WHAT YOU WILL DO: Reproduce the records below exactly, but only between the lines holding "THE DAWGFATHER Poster" and "42% of workers who", inclusive.
(DATA FOR ANALYSIS Opens)
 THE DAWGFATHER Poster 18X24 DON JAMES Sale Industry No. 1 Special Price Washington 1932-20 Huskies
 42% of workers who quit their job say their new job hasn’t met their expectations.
(DATA FOR ANALYSIS Closes)
(DATA FOR ANALYSIS Opens)
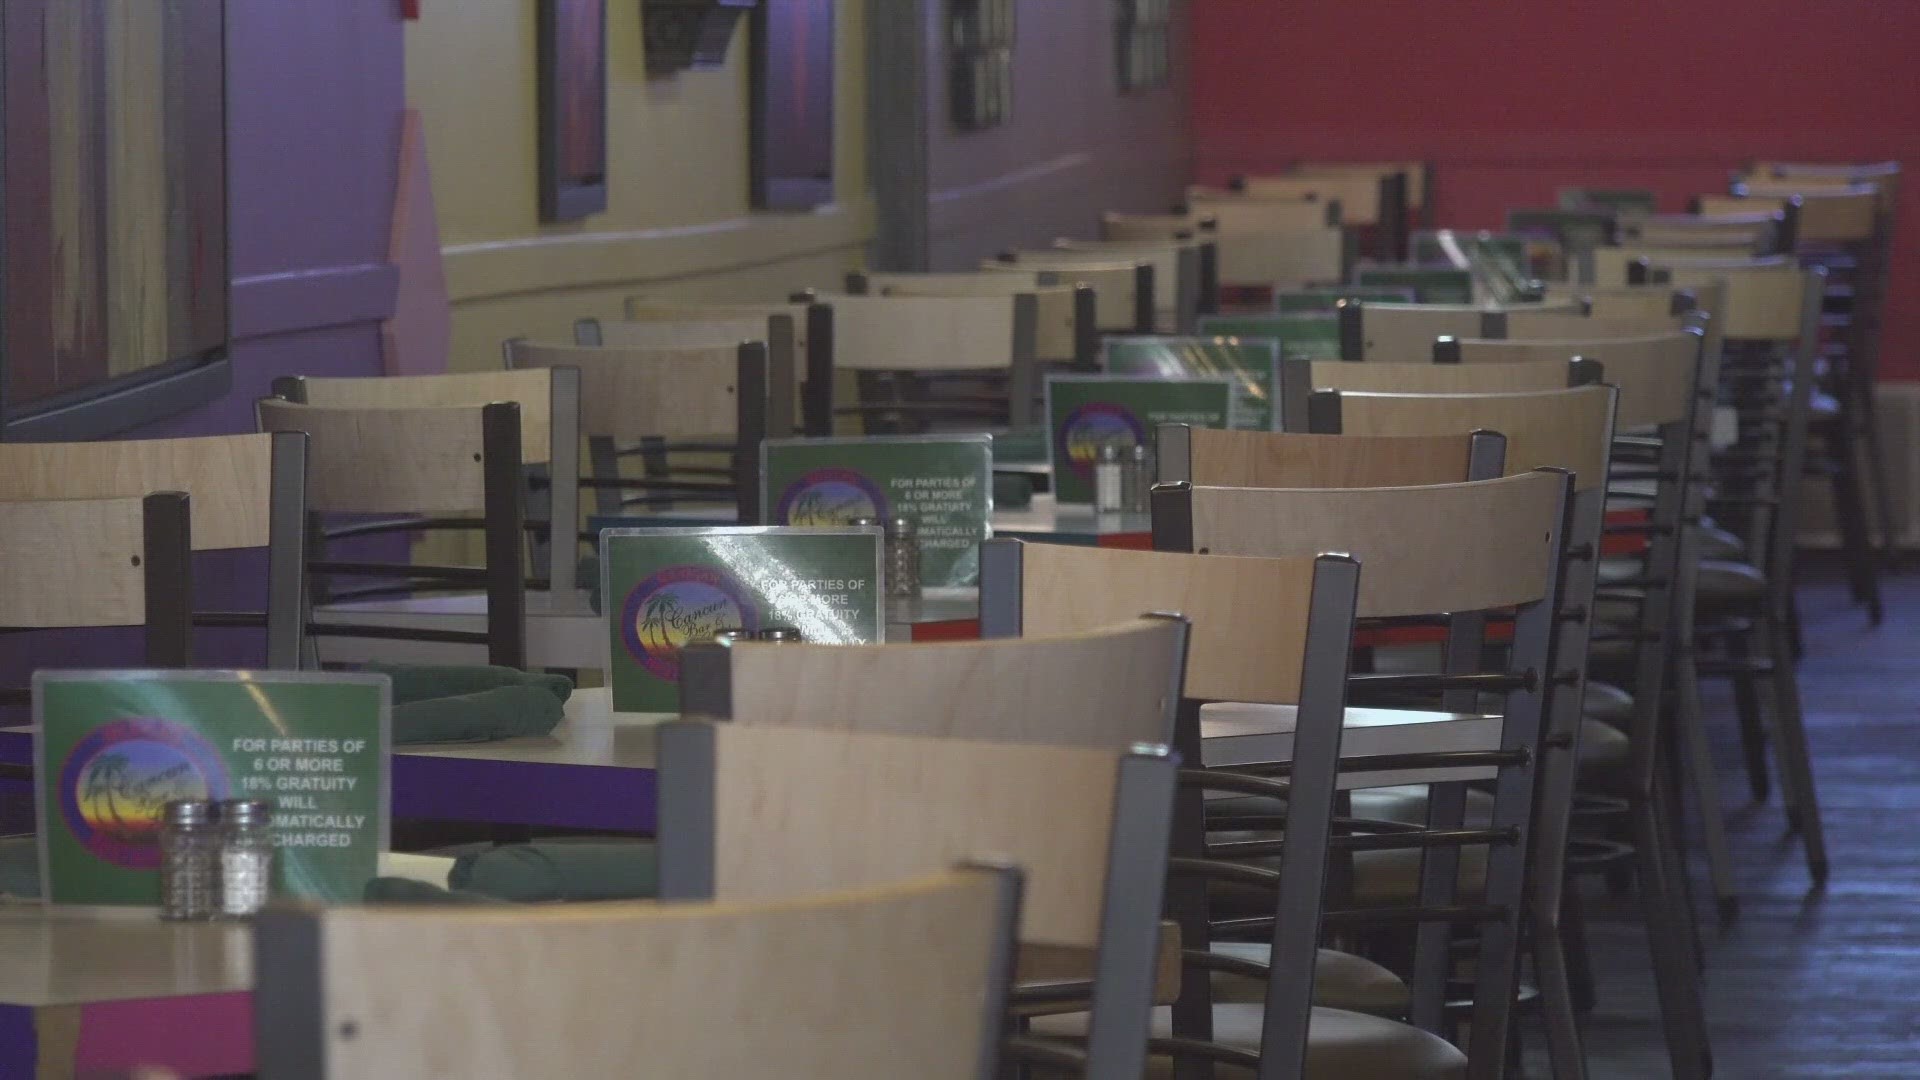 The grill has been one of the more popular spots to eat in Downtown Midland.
(DATA FOR ANALYSIS Closes)
(DATA FOR ANALYSIS Opens)
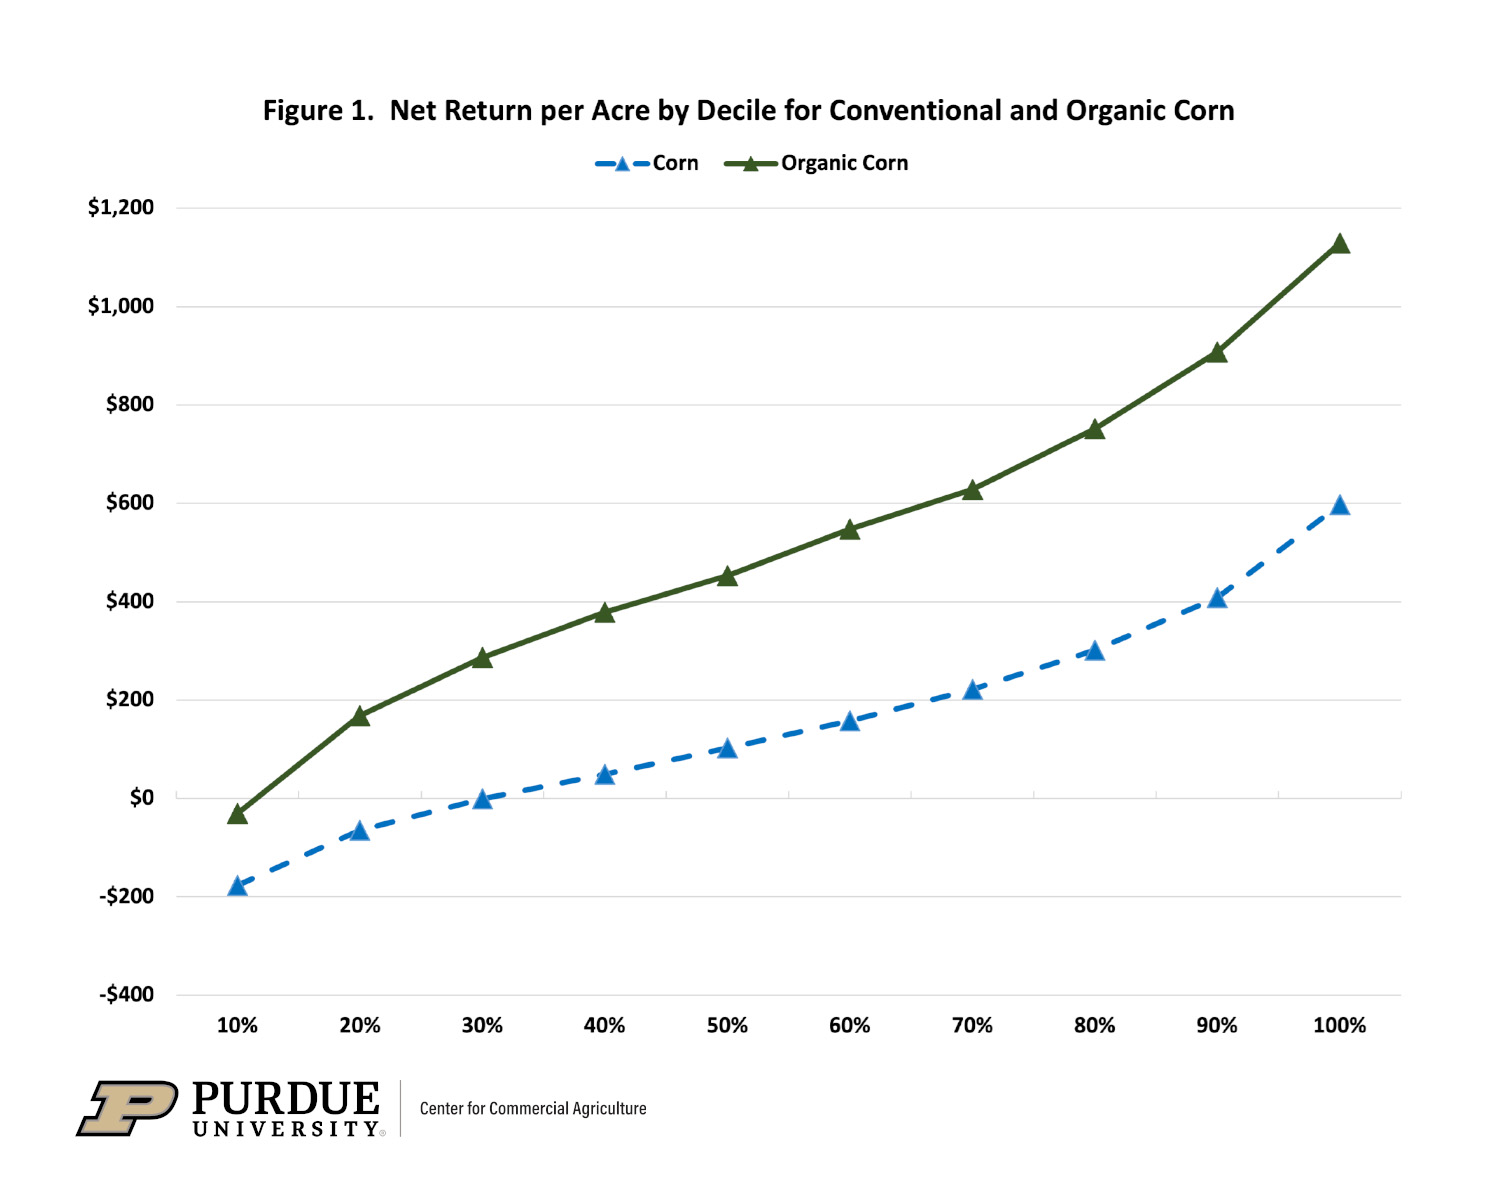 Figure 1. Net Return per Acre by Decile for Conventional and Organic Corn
(DATA FOR ANALYSIS Closes)
TASK RESPONSE:
 THE DAWGFATHER Poster 18X24 DON JAMES Sale Industry No. 1 Special Price Washington 1932-20 Huskies
 42% of workers who quit their job say their new job hasn’t met their expectations.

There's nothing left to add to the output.